Guest Blog: Spectrum Auction Sellers Should Beware ‘Gifts’ from FCC
After a 10-year stalemate in the epic war with Troy, Greek king Odysseus devised a clever ruse that would become the stuff of legend. He built a large wooden horse, placed it outside the city gates and waited for the Trojans to take it in. Believing the war to be over, and the horse to be a gift, the unwary Trojans accepted it against the advice of Cassandra and Laocoon, who warned their compatriots to beware of Greeks bearing gifts. At night, Greek soldiers led by Odysseus, dropped from the Trojan horse and sacked the city. Troy succumbed and Greece lives on today.
This tale contains a modern-day moral if we cast the government as Greeks and the broadcasters as Trojans. Over the next few years, the U.S. government is scheduled to auction some of the most valuable airwaves, or spectrum, owned by television broadcasters to make way for more wireless and mobile services. This gift to America's future is courtesy of President Obama, former FCC chairman Genachowski and a penurious Congress who endorsed the plan in 2012 — all, of course, to advance broadband and the public interest.
Today, we are less than a year away from the scheduled broadcast incentive auction, but all is not well.

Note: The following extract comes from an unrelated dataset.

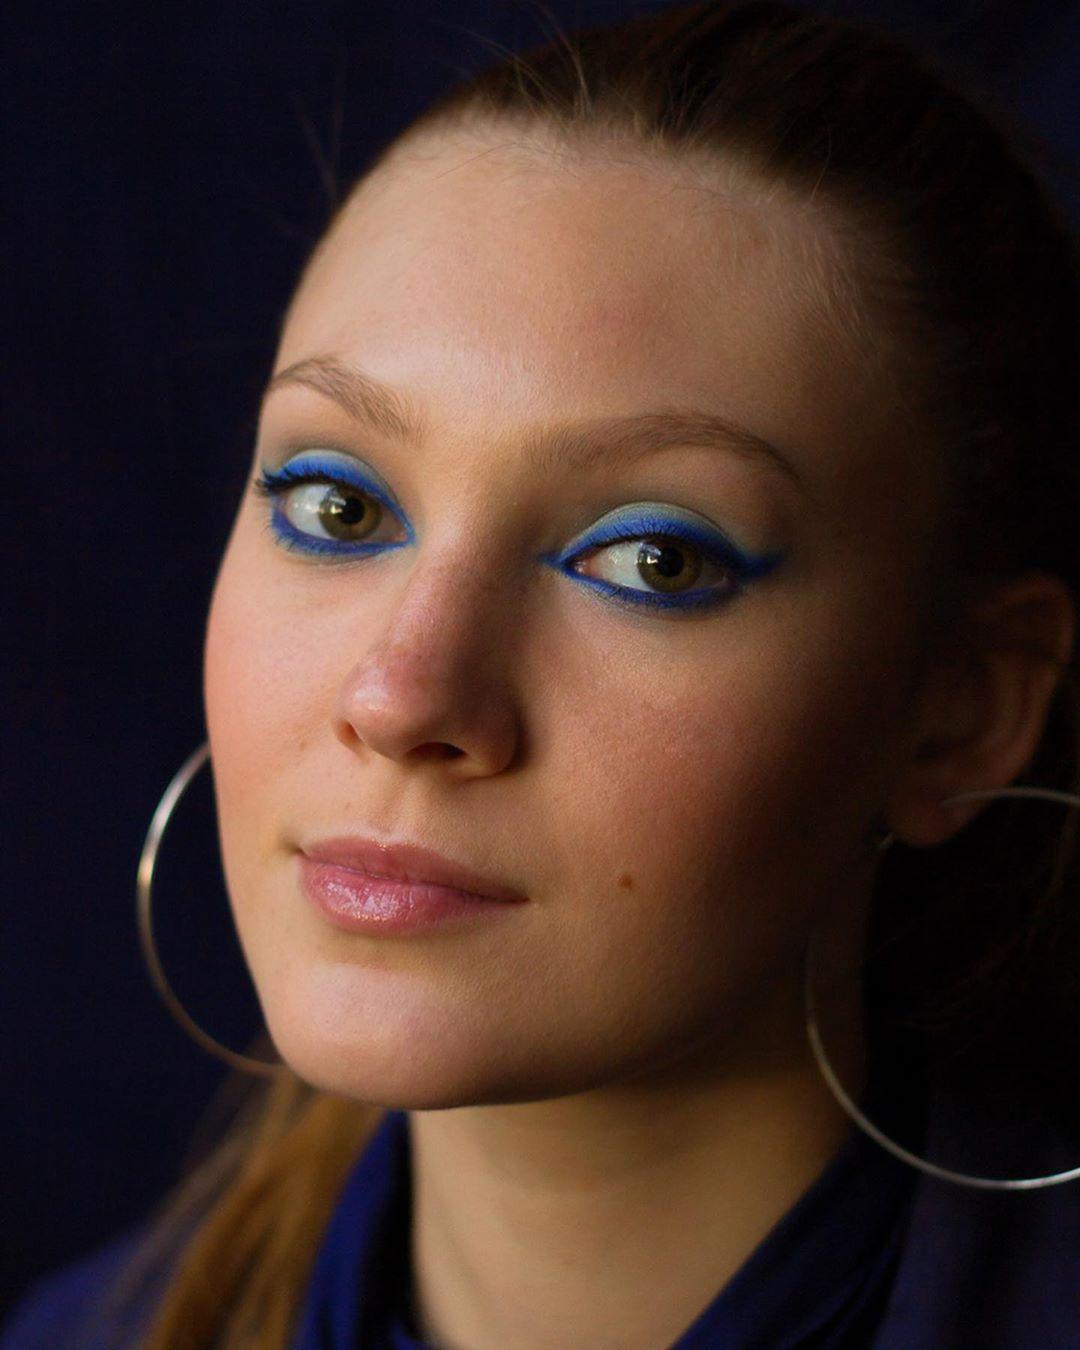 Blue by guadafeijoo ....#blueeyeshadow
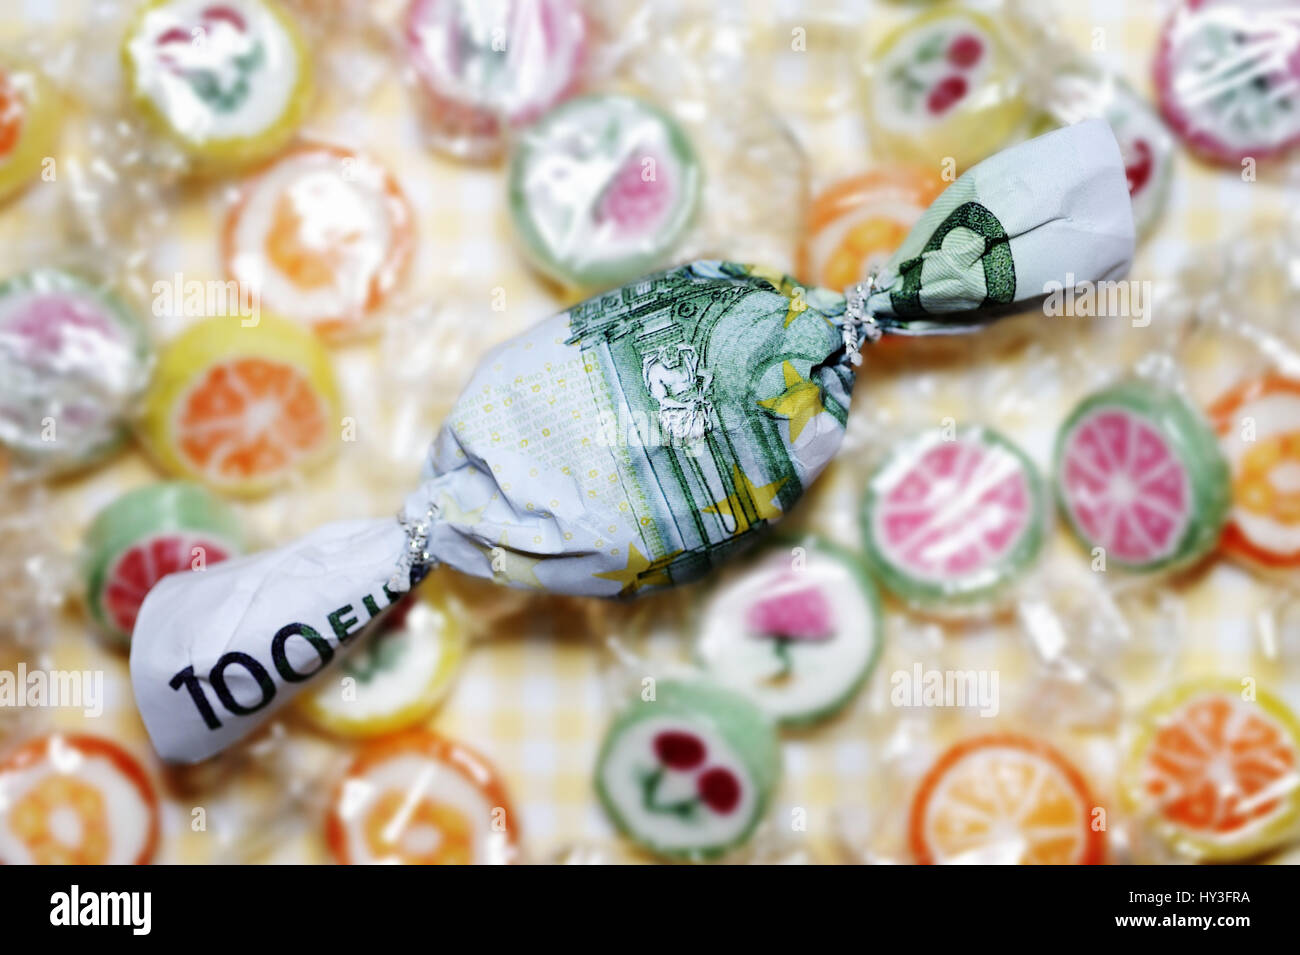 Sweet in euro-light hundred muffled, bonus payments, Bonbon in Hundert-Euro-Schein eingewickelt, Bonuszahlungen Stock Photo

FCC chairman Tom Wheeler pitches the sale as a “once-in-a-lifetime opportunity,” implying the quest for spectrum soon could come to a close. Given such talk, broadcasters might want to heed Laocoon’s advice. Nothing about the proposed auction is what it purports, which could explain why the National Association of Broadcasters (NAB) has opted to sue the FCC.
In exchange for their valuable spectrum holdings, broadcasters ostensibly will receive serious cash. But this is a decision not to be taken lightly. It portends a drastically and indelibly changed communications landscape, which tilts invariably in favor of the wireless industry. The first installment of the tripartite auction yielded over $40 billion for the sale of AWS-3 wireless spectrum. This was double the most liberal projection, and has ushered in a new stage of anticipatory, irrational exuberance for the broadcast spectrum to come.
To be fair, the prospect of gaining tens, if not hundreds, of millions of dollars for underutilized spectrum is hard to argue against. For some broadcasters, this would be a long-overdue reward for years of thankless toil in the vineyards. After all, the auction is completely voluntary. And yet, relinquishing a scarce and irreplaceable resource, at any cost, could spell the end of broadcasting as we now know it, especially as those left standing are “repacked” into new and unfamiliar spaces. If there is a broadcast victory to be had, it may be pyrrhic. Once sold, the spectrum is forever gone, and with it a unique nexus and claim to communities across America.
Of course, the market is anything but predictable, and the incentive auction could prove too complicated, contentious or concessional for broadcasters to embrace wholesale. While some hope for such an outcome, the die appears to be cast. The cruel irony, however, is that broadcasters have been the most reliable partners to government — ever present through disasters, emergencies and times of trouble. In exchange for such enduring loyalty, the government has proffered a scheme to reallocate spectrum that may be predatory, if not altogether plunderous. The fact that it is voluntary does not lend it verisimilitude.
Broadcasters were once known as a hearty bunch. To prevail in the broadband future, they will need every bit of wit to survive this latest Trojan horse. The prescient among them should unfurl the warning flags when the government flashes an incentive, subsidy or credit to motivate industry complicity. And lest they forget the admonition of Cassandra, if a gift looks too good to be true, it probably is, even if left at the front gate of your once-impenetrable fortress.
Adonis Hoffman is an attorney and adjunct professor in Communication, Culture and Technology at Georgetown University. He recently left the FCC, where he had been chief of staff and senior legal advisor to FCC commissioner Mignon Clyburn. He is also the author of Doing Good: The New Rules of Corporate Responsibility, Conscience and Character.